WASHINGTON, Jan 5 (Reuters) – Hard-line Republicans in the U.S. House of Representatives rejected Kevin McCarthy’s bid for speakership for the 11th time on Thursday, while his supporters worked behind closed doors in hopes of securing a deal that could deliver victory.
The vote plunged the House into a breakdown not seen since the tumultuous era just before the Civil War, raising questions about the party’s ability to wield power even after McCarthy offered to rein in his own influence.
After the 11th poll, the House adjourned for the third time this week without electing a Speaker. Lawmakers will reconvene on Friday afternoon (1700 GMT).
McCarthy’s opponents say they don’t believe he will fight for the deep spending cuts and other restrictions they want to impose on President Joe Biden and the Democratic-controlled Senate.
But some Republicans held out hope for a deal between the California Republican Party and at least 20 hardline conservatives.
“Things are coming together in a very healthy way,” said Representative Patrick McHenry, a McCarthy supporter poised to lead a high-level congressional panel.
“We don’t know the timeline. But the engagement is there, that’s why I’m optimistic,” he said.

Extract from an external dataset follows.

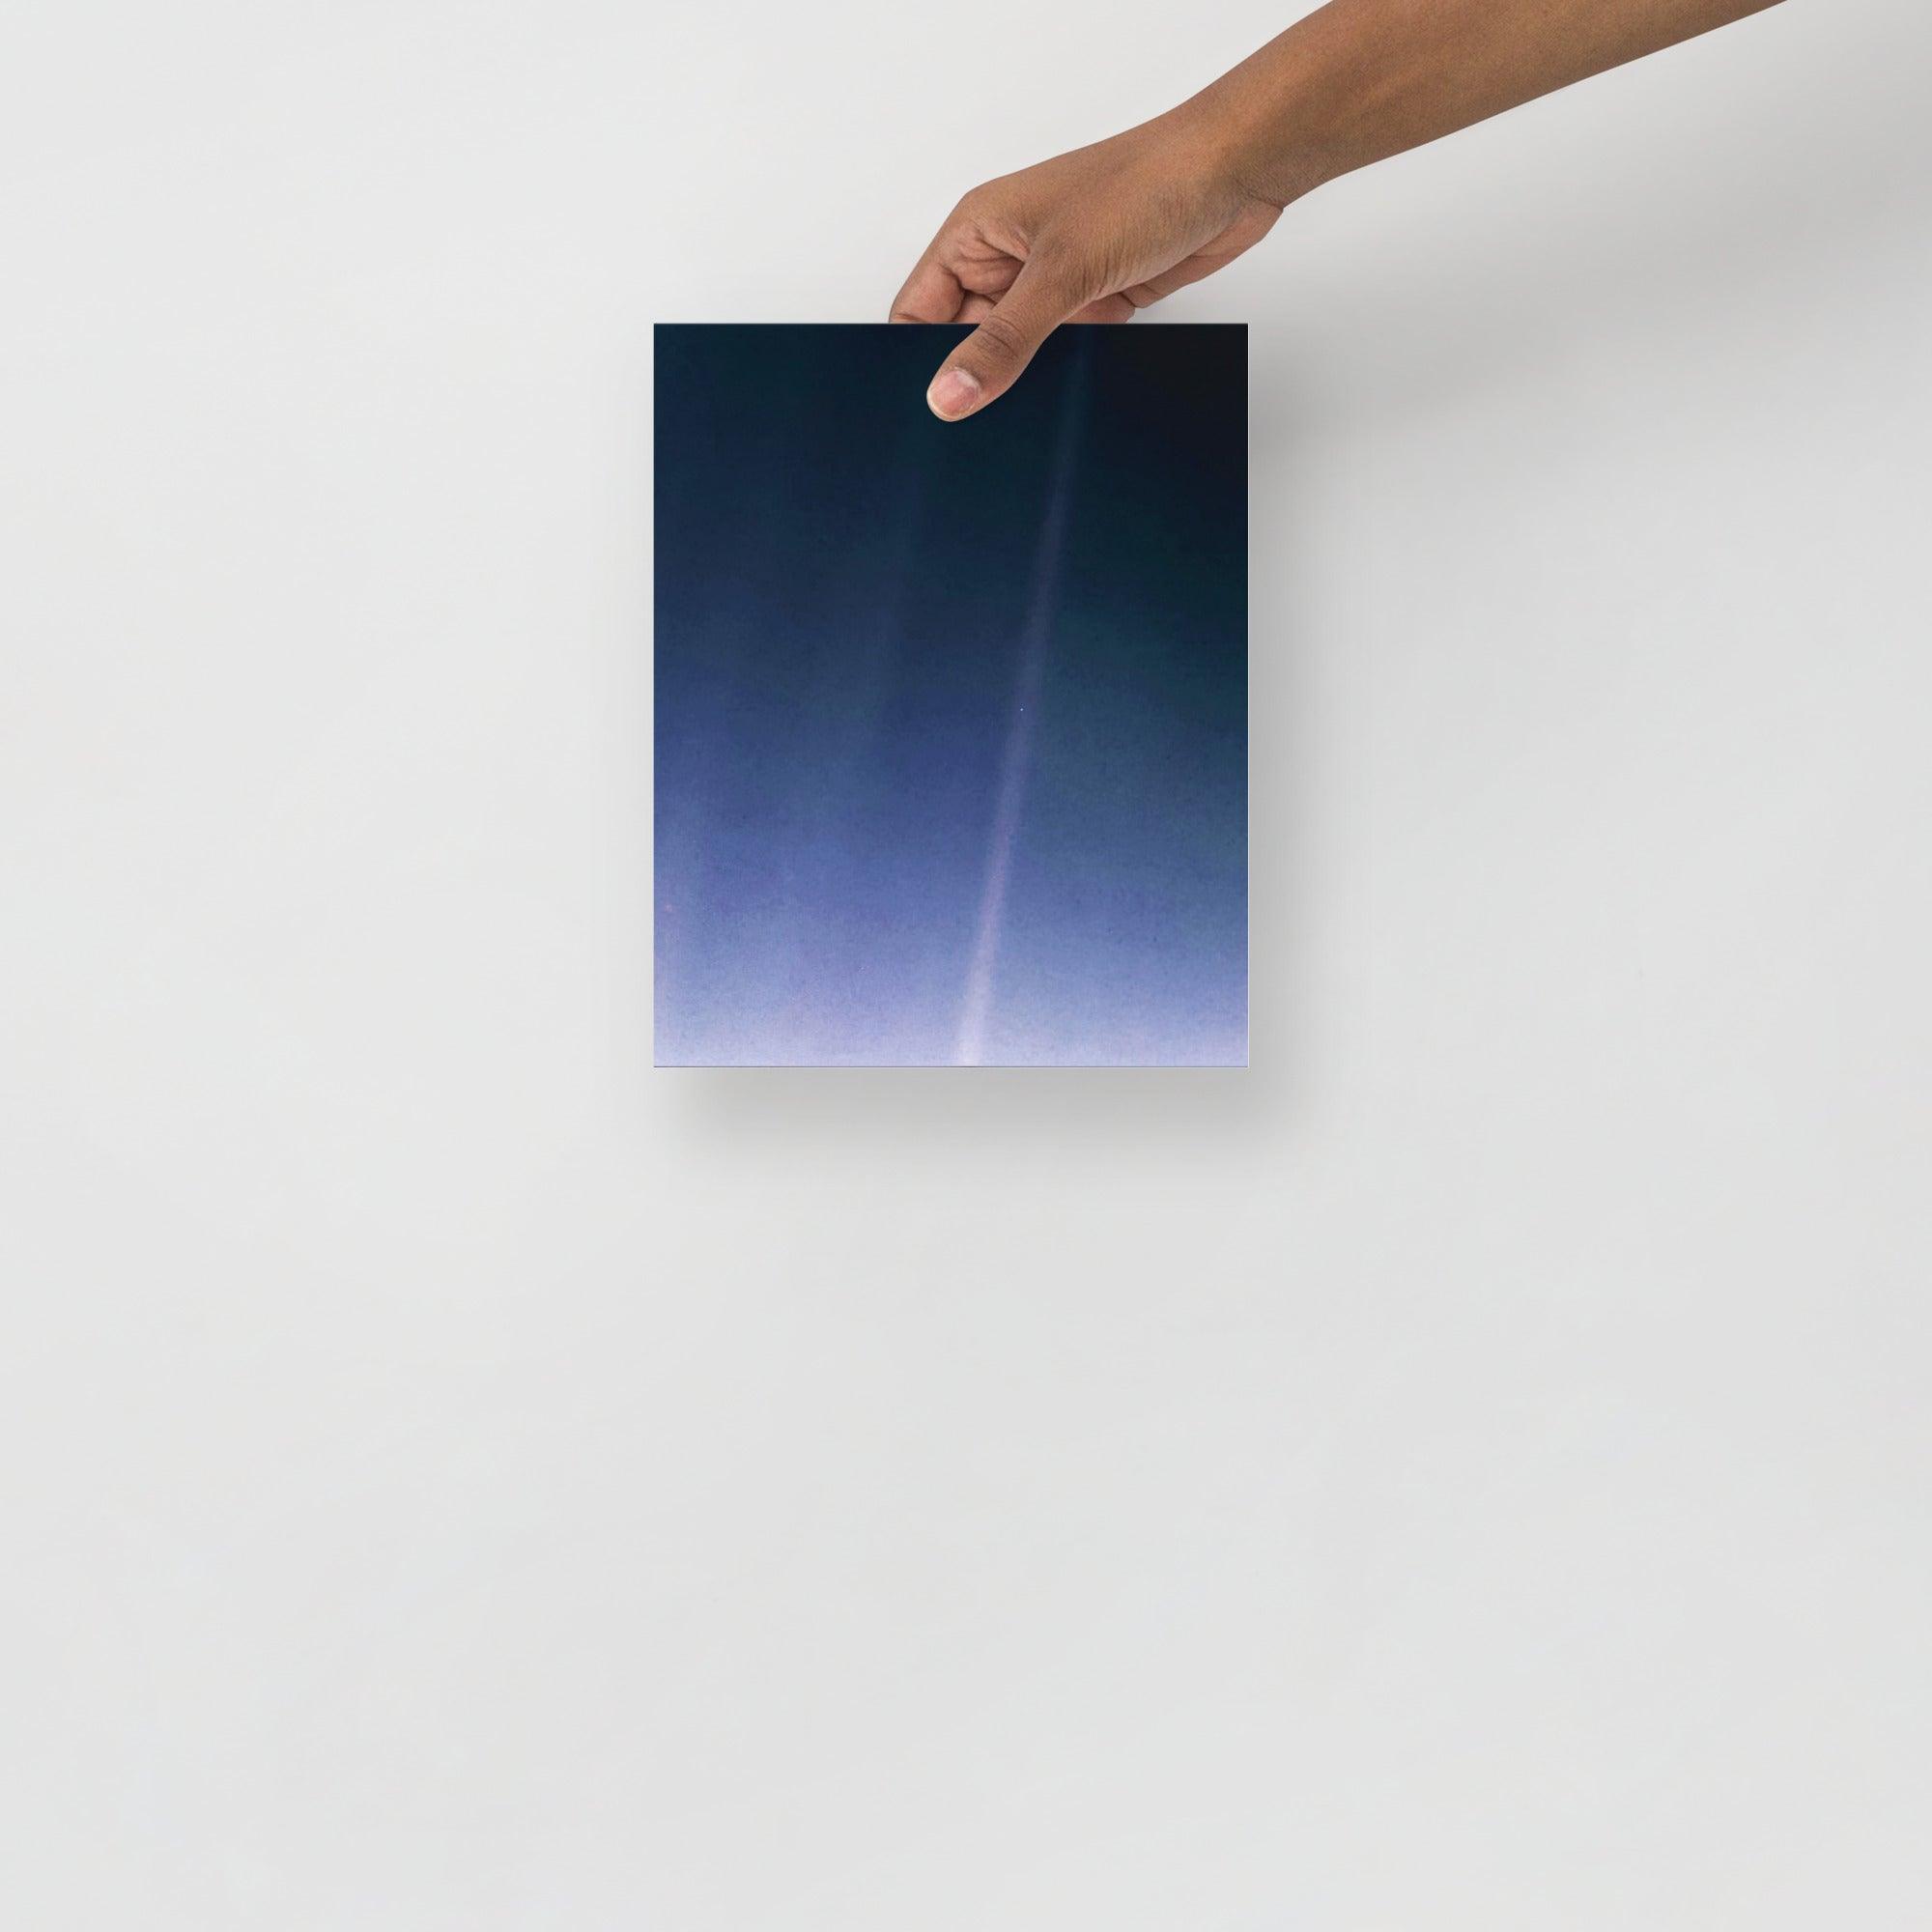 A Pale Blue Dot poster on a plain backdrop in size 8x10”.

Among other things, according to Republican Rep. Brian Fitzpatrick, a possible deal would allow a vote on term limits for members of Congress.
But McCarthy’s supporters stopped short of predicting a solution to the impasse anytime soon.
The inability to elect a leader left the 435-seat House impotent — newly elected members could not even be formally sworn in, hold hearings, consider legislation or scrutinize Biden and his administration.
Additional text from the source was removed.